Познакомился с ним я сначала заочно. Брёл, разомлевший под безжалостным июльском солнцем, по пыльной деревенской улице в поисках дома, куда глава района отправил меня на постой. Впереди, высовываясь из-за своих заборов, через дорогу лаялись две тётки. «Што ты пялишься, как Брунька на речку?», – кричала одна.
Бруньки – это же березовые почки? Водка, или, там, настойка вроде бы, бывает на бруньках? Отчего же почка пялится на речку? Забавная идиома, надо будет у кого-нибудь спросить.
Но, конечно, спросить забыл, и в следующий раз услышал странное слово уже поздней осенью – да-да, в деревне мне пришлось задержаться на полгода, и потом ещё трижды возвращаться туда. Так вот, осенними сумерками шел по грунтовке, то взлезающей на холм, то ныряющей в лощину. И вдруг на самом высоком мыске, нависающем над тамошней речушкой, я увидел вполне приличное кресло.
Гм… Очень странно. Ну, во-первых, если для рыбака, то до воды далековато получается, можно же в низину спуститься, к самой воде. А во-вторых, смутило само кресло – добротный кожзам, без дыр – неужто кто выбросил такую красоту? А если выбросил, то почему на самое видное место? Непонятно…
«Та то дед Брунька свой пост поставил», – пояснила хозяйка, у которой я жил. И рассказала, что есть у них в деревне чудак, бывший учитель. Весь год – нормальный. К нему даже из райцентра школьников на подготовку к экзамену возят, благо тут недалеко. А вот как начинаются первые морозы, что-то переклинивает у деда в голове. Вытаскивает он кресло на высокий берег и днями – от зари до зари – сидит там, смотрит на реку. Лёд станет – тащит кресло домой и до следующей осени опять нормальный.
И, действительно, сухощавый дедок в ватнике вскоре занял «пост» на кресле. А я, каждый раз проходя мимо него, боролся с любопытством. И, наконец, не сдержался, подошел.
– Здравствуйте, – окликнул я дедка издали, чтобы не напугать, подходя со спины. Он бодренько встал, повернулся ко мне, кивнул и лишь тогда, когда я приблизился, ответил:
– Добрый день, молодой человек. А вы, вероятно, наш командировочный?
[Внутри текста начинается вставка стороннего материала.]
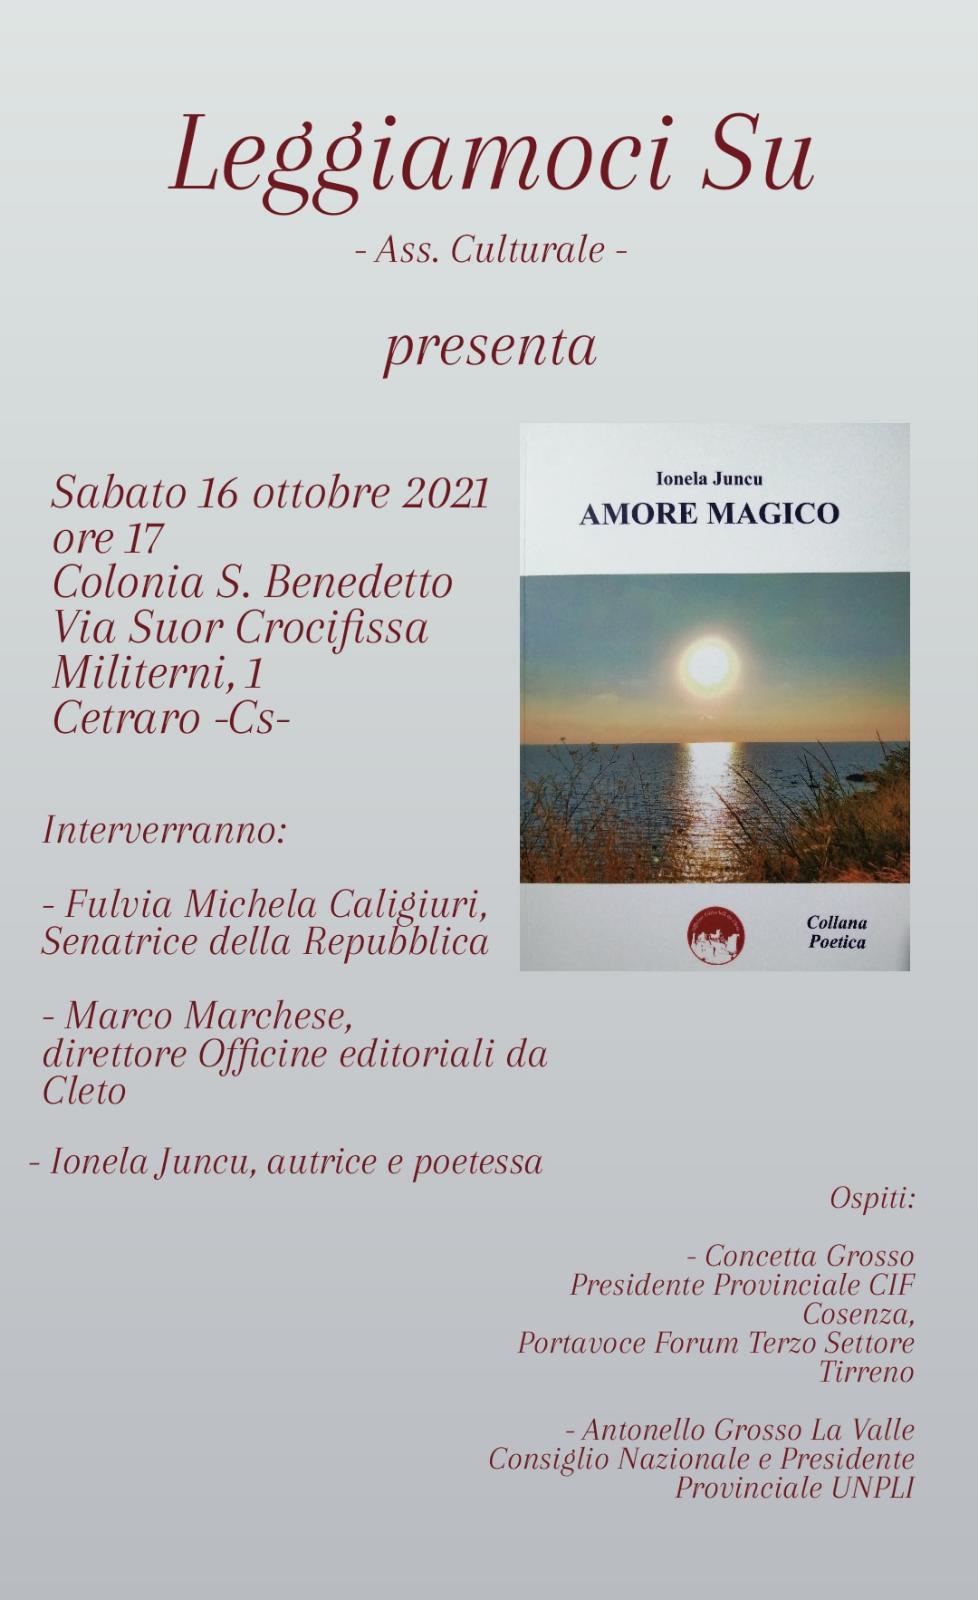 La locandina della presentazione del libro AMORE MAGICO di Ionela Juncu

Егор, если не ошибаюсь?
– Ой, а вы меня знаете, – растерянно разулыбался я.
– Да, не часто у нас гости из города бывают, тем более, на столь долгий срок… Позвольте представиться, Тимофей Ильич.
Брунька, Тимофей Ильич – сухощавый, подтянутый, с аккуратным плотным ёжиком абсолютно белых волос на голове и пегими кустистыми бровями, под которыми глубоко сидели умные, спокойные голубые, не по возрасту яркие и ясные глаза – вовсе не был похож на сумасшедшего или даже на чудака. Разве что, его поношенный деревенский ватник совершенно не шел к слишком уж городской, интеллигентной внешности.
– Смею полагать, вы хотели бы поинтересоваться, почему я сижу здесь? – напрямую спросил дед Брунька и, не дожидаясь даже кивка в ответ, продолжил, – Прошу простить, Егор, а вы кто по специальности и какое у вас образование? Поверье, это не праздный интерес. Я должен понимать, как мне лучше объяснить моё осеннее хобби.
Выяснив, что я физик и конструктор в анамнезе, бойкий старичок радостно потёр костистые ладони:
– Прекрасно! Думаю, вы вполне сможете понять. И, раз я уж нашел свободные уши, предлагаю в любой из ближайших вечеров выпить чаю. Мой дом третий от старого деревянного магазина. Заходите после пяти в любой день. А сейчас позвольте мне предаться моим наблюдениям.
Брёл домой я со смешанными чувствами. С одной стороны, дед, вроде бы, на чай пригласил, с другой как бы и отшил, слишком скоро, слишком по-деловому оборвав разговор. Но в борьбе лёгкой неприязни и любопытства победило желание узнать некую тайну.
Дня через три я постучал в дверь брунькиного дома.
Принесённый мною коньячок Тимофей Ильич твёрдо велел на стол не выставлять:
– Поверьте, Егор, трезвый мозг вам сегодня ещё понадобится.
И он не соврал, и без коньяка к концу вечера я ощущал, что земля покачивается под ногами. Но – по порядку.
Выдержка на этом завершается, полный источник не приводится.